While the site declined in the Early Islamic period, it was reestablished during the Ayubbid and Mamluk periods as a worship site, cemetery, and a sanctuary in memory of Sheikh Shihab ed-Din. The maqam's construction phases are identifiable, with the grave chamber and its extension likely dating back to the Ayyubid–early Mamluk period. The prayer hall and courtyard belong to the early Ottoman era. Notably, the tomb chamber and its southern extension underwent separate building phases, indicating the initial burial of the Sheikh followed by the later interment of his sons in an annexed part of the chamber.

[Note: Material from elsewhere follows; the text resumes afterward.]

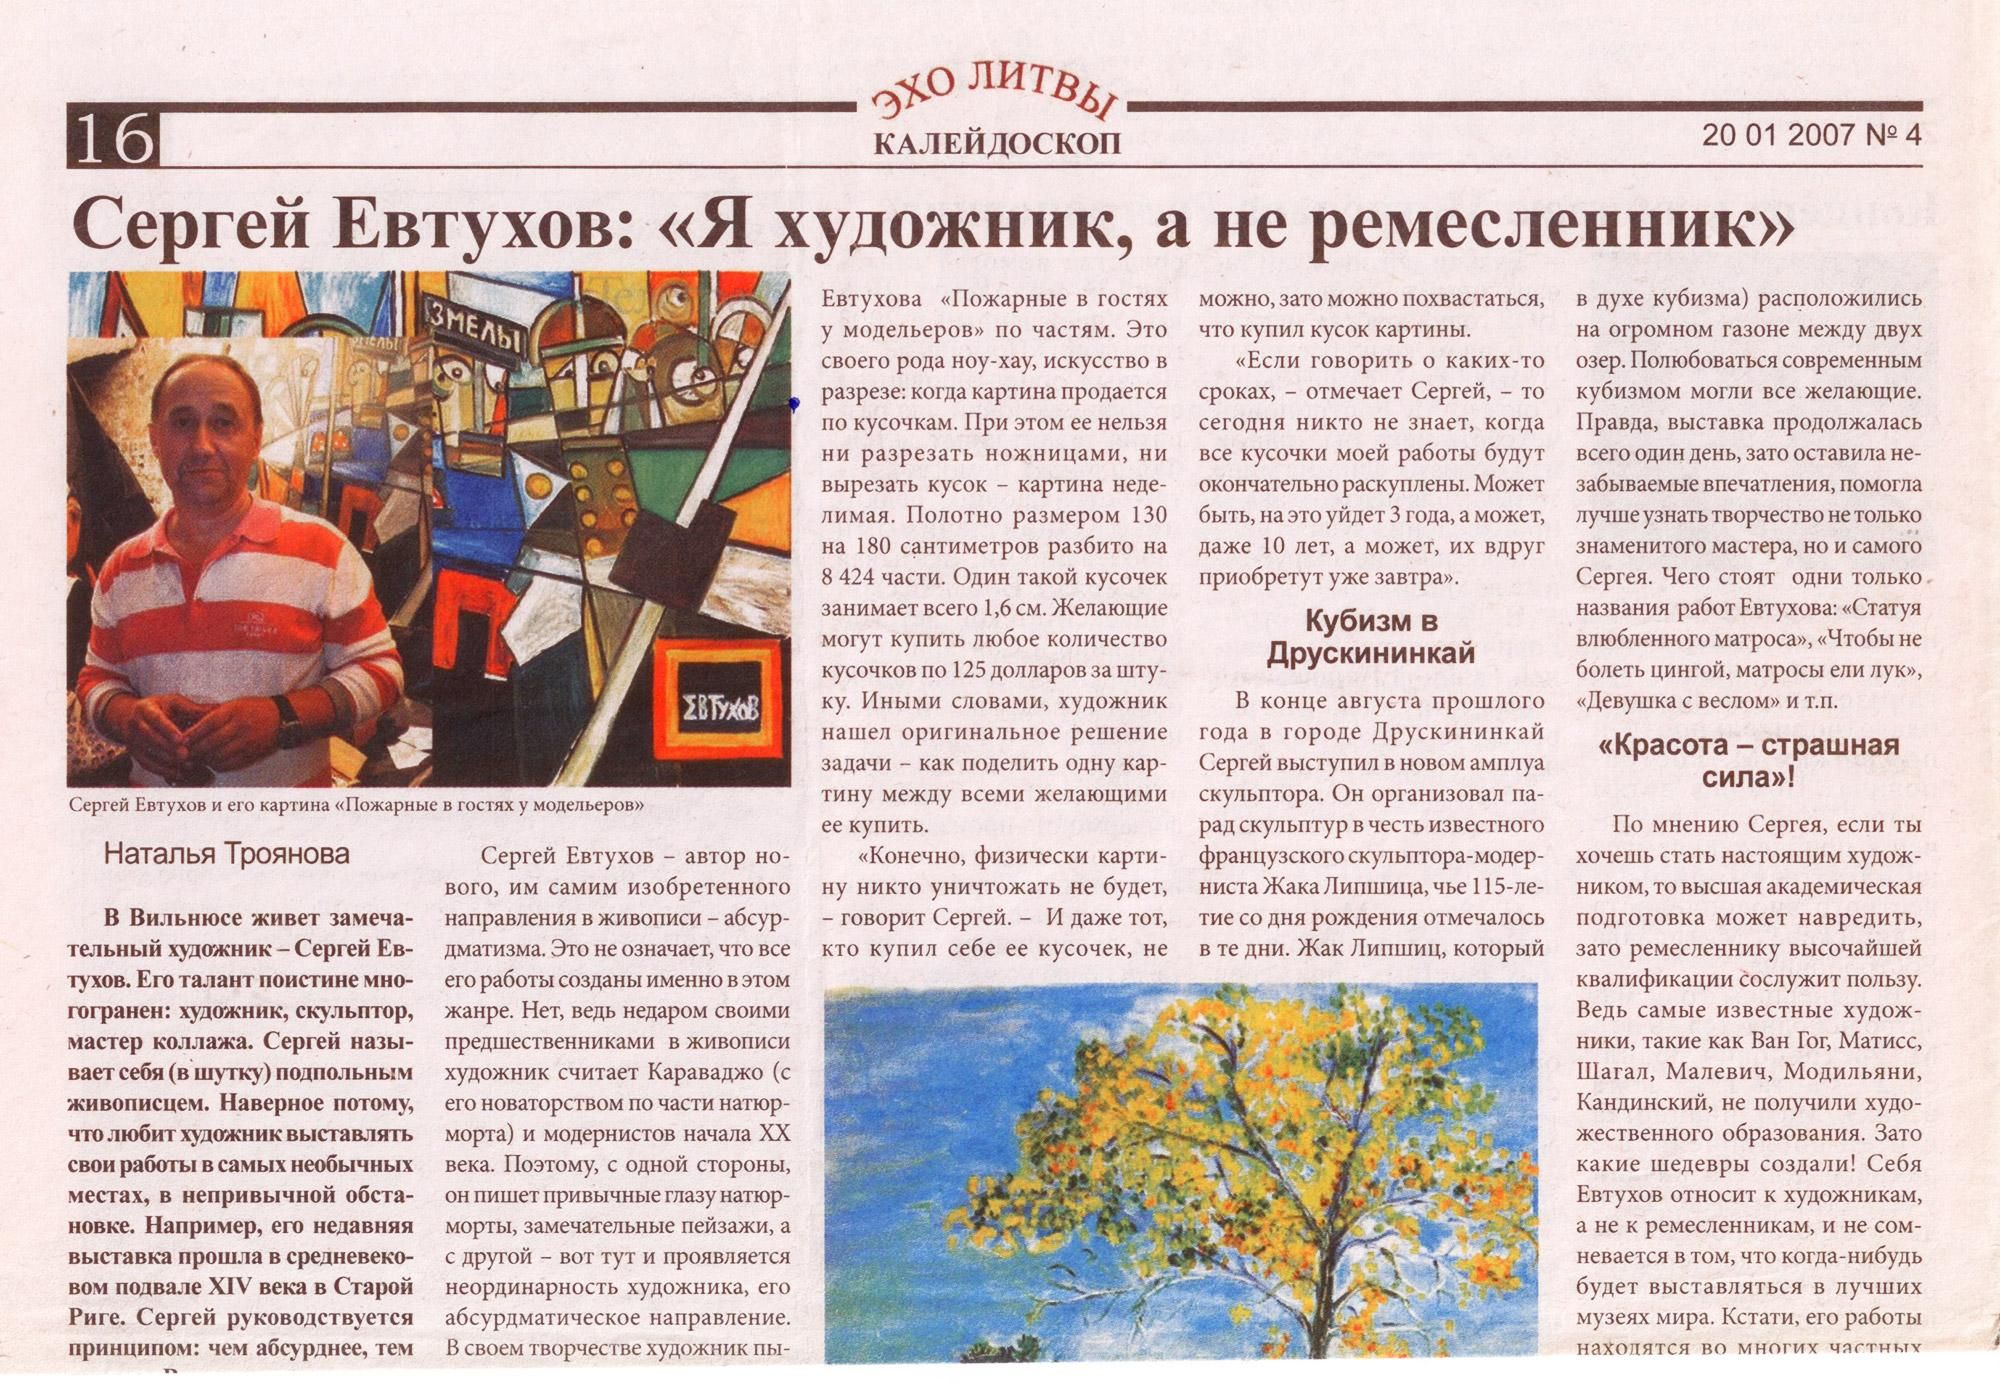 Article in the Vilnius newspaper<b>"Литовский курьер"</b>(fragment)

The decision to establish Sheikh Shihab ed-Din's maqam here stems from three key motives: honoring the Sheikh, meeting local Sufi requirements for a tranquil worship space, and creating a defensive lookout against Crusaders. Hilltop maqams were strategically networked to alert against potential threats.

== Archaeological Looting ==
A study conducted by archaeologist Salah Hussein Al-Houdaileh of Al-Quds University on 119 Roman and Byzantine period rock-cut burial caves near Saffa revealed extensive looting, with all caves showing marks of robbery. This has caused considerable damage to the tomb, desecration of numerous ancient burials, and displacement of a large number of funerary artifacts from their original sites. The looting of Roman and Byzantine tombs in Saffa and surrounding areas is driven by several factors, including poverty, a lack of public awareness, insufficient enforcement of antiquities laws by the Palestinian National Authority, and an increasing demand in the illegal antiquities market for archaeological items.